The committee started its investigation into the government’s battery strategy around six months ago, calling on experts from multiple industries affected.
It found that there was still a hangover from the Brexit process, which caused years of turmoil for the automotive industry. Even now, the situation has the potential to disrupt the sector, especially with the impending 2027 deadline for a new ‘rules of origin’ mandate.
As part of the Brexit deal, carmakers based in the country must ensure that the EV battery and 55% of a vehicle’s components are manufactured in the EU or the UK. Without support, carmakers could move production into Europe to shorten supply chains for critical parts.
‘Brexit has clearly created some extra challenges, both in terms of the 2027 deadline and in finding a skilled workforce,’ said Baroness Brown of Cambridge, select committee member, told Autovista24. ‘We are seeing big companies, such as Nissan, responding to this in their announcements about battery production.
‘I think we do need the government to be supporting the growth, particularly in battery production, and recognising just the scale of which we need to be increasing our capability or capacity. If we are to retain the volume of car manufacturing and the high number of exports to the European Union that we currently have, support will be crucial. We are expressing our concern that there is not enough thinking and planning about that yet.’
While there has been a series of announcements about establishing gigafactories in the UK, the committee believes more needs to be done, and the government needs to tackle the issue sooner rather than later.
‘The committee on climate change suggested that by the 2030s, half of the UK car parc needs to be electric,’ added Baroness Brown. ‘But that suggests we may need 75 to 100 gigawatts of batteries per year, either for our exports or for the whole fleet. At the moment, we have the announcements of two battery gigafactories. Britishvolt is talking about 10 gigawatt-hours by 2023. But we are going to need perhaps seven times that every year between now and 2030. Hearing about two gigafactories is great, but we need more.’

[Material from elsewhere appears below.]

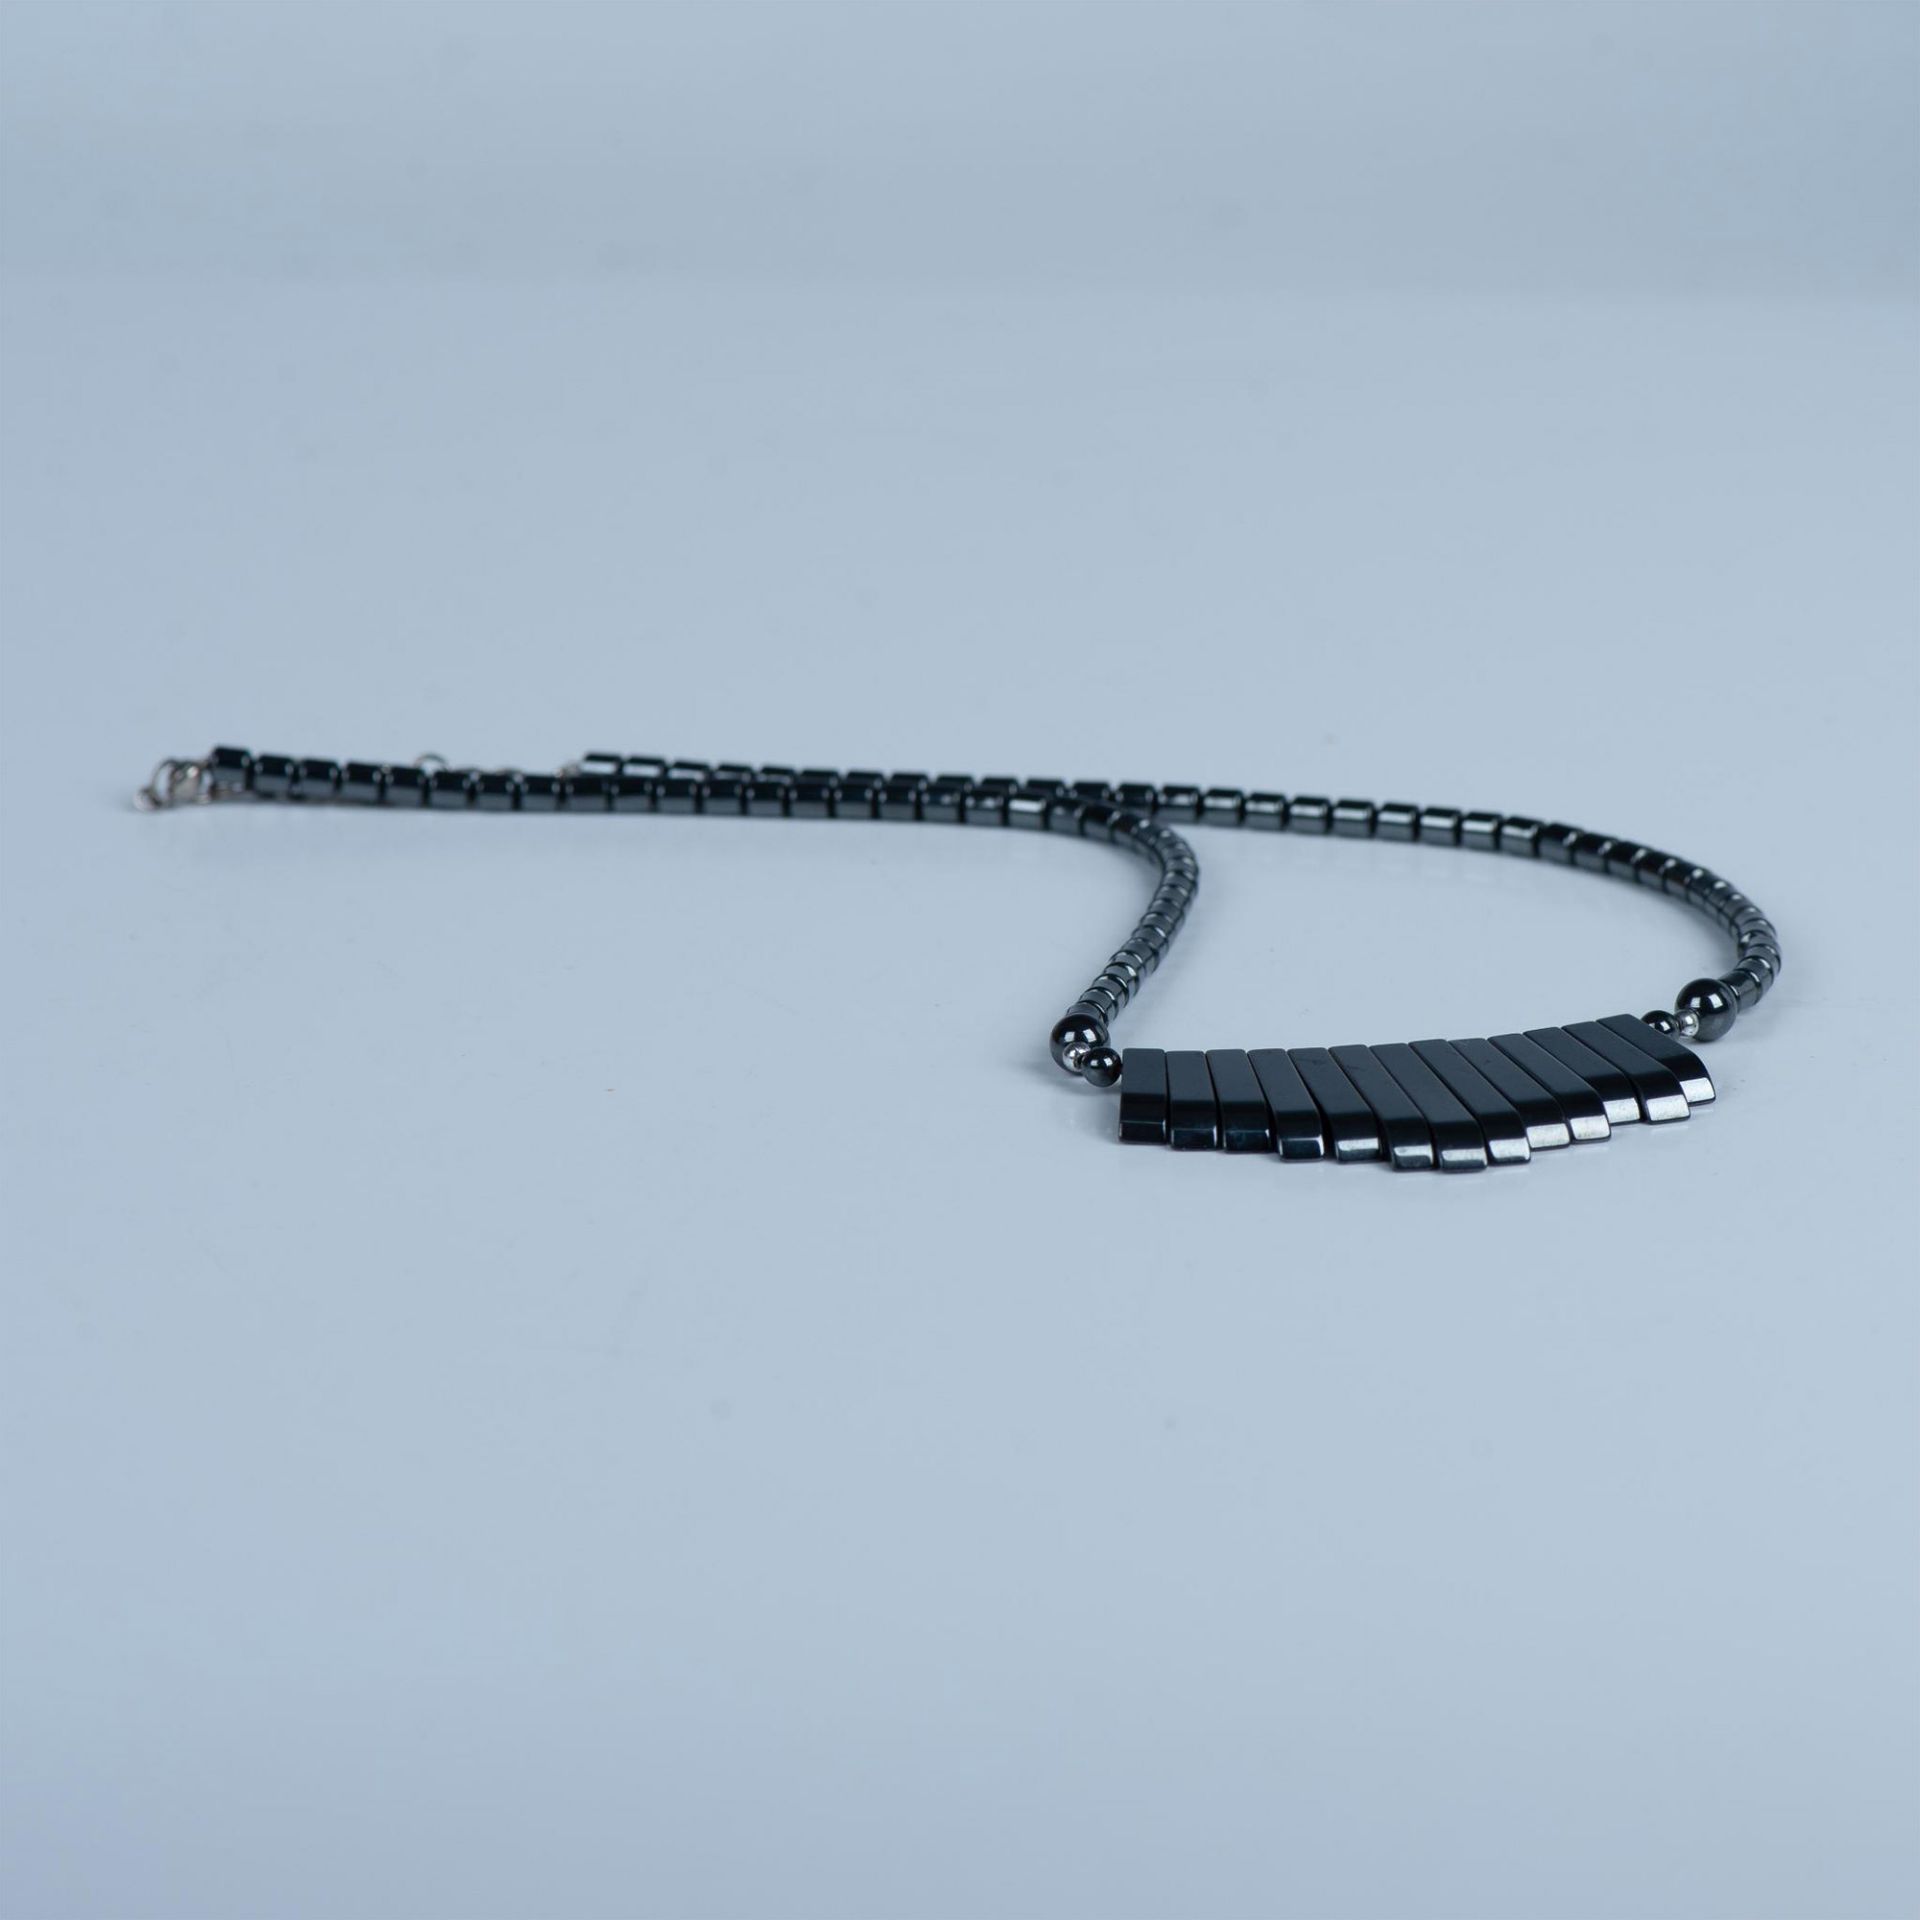 Hand Crafted Hematite Bead Necklace - Image 5 of 5

Battery gigafactories will take time to reach the stage of manufacturing. Giving evidence to the committee, David Wong, senior innovation and technology manager, at the Society of Motor Manufacturers and Traders (SMMT), said: ‘It takes something like 30 to 42 months to get everything off the ground, including development, construction, test runs and, finally, the commissioning of a gigafactory.’
Brexit has also caused an issue in recruiting skilled workers, and carmakers’ transition to electrification means more needs to be done to train the existing workforce.

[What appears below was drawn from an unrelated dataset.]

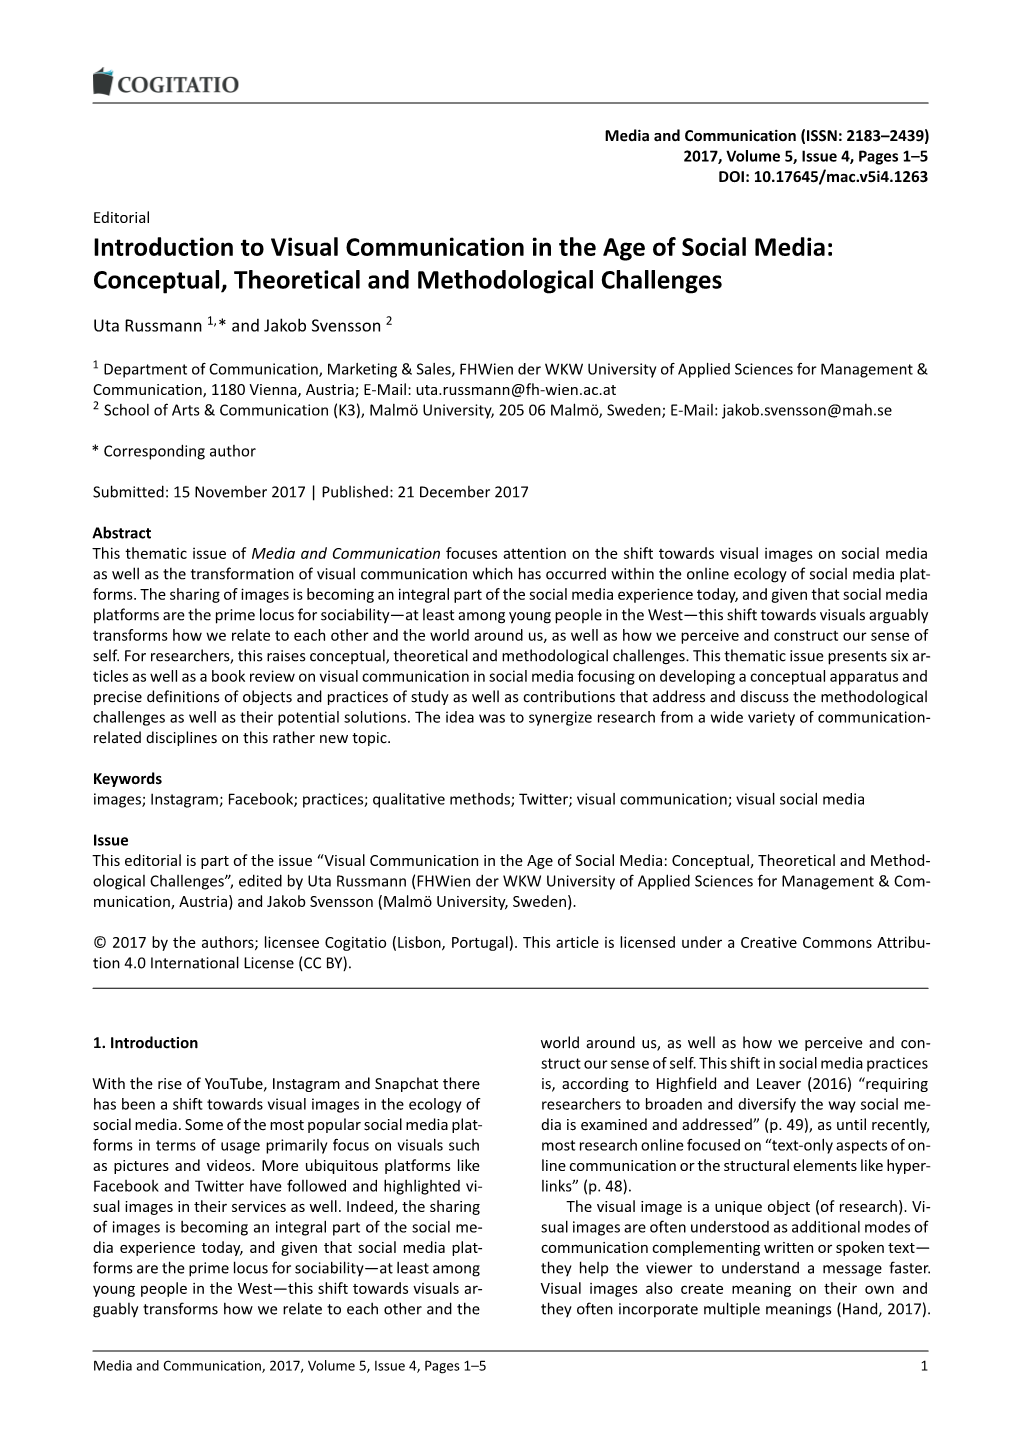 Introduction to Visual Communication in the Age of Social Media: Conceptual, Theoretical and Methodological Challenges

Alongside vehicle manufacturing, the UK is home to significant engine building, and the development of other key components. In addition, the servicing, maintenance and repair (SMR) sector needs to be brought up to speed on dealing with EVs.
‘One of our major concerns was that more needs to be done to ensure workers can transition from mechanical to electrical skills,’ added Baroness Brown. ‘We would like to see much more support from the government for the retraining, the upskilling, and indeed for SME industry leads to recruit specialist staff from overseas for manufacturing and research. Ensuring that the revenue visa regime will be entirely supportive of this upskilling and training of people in the UK is a high priority.’
While there are concerns about manufacturing moving overseas, the government’s plans to achieve net zero by 2050 will not come to pass if consumers do not take up the option of a zero-carbon vehicle.
However, while the number of models available has multiplied, the same cannot be said about the UK’s charging infrastructure.
‘The charging infrastructure needs to be there,’ said Baroness Brown. ‘It needs to be simple to use, so you do not need multiple cards or apps in order to make a payment. It needs to be simplified, using standard payment cards.’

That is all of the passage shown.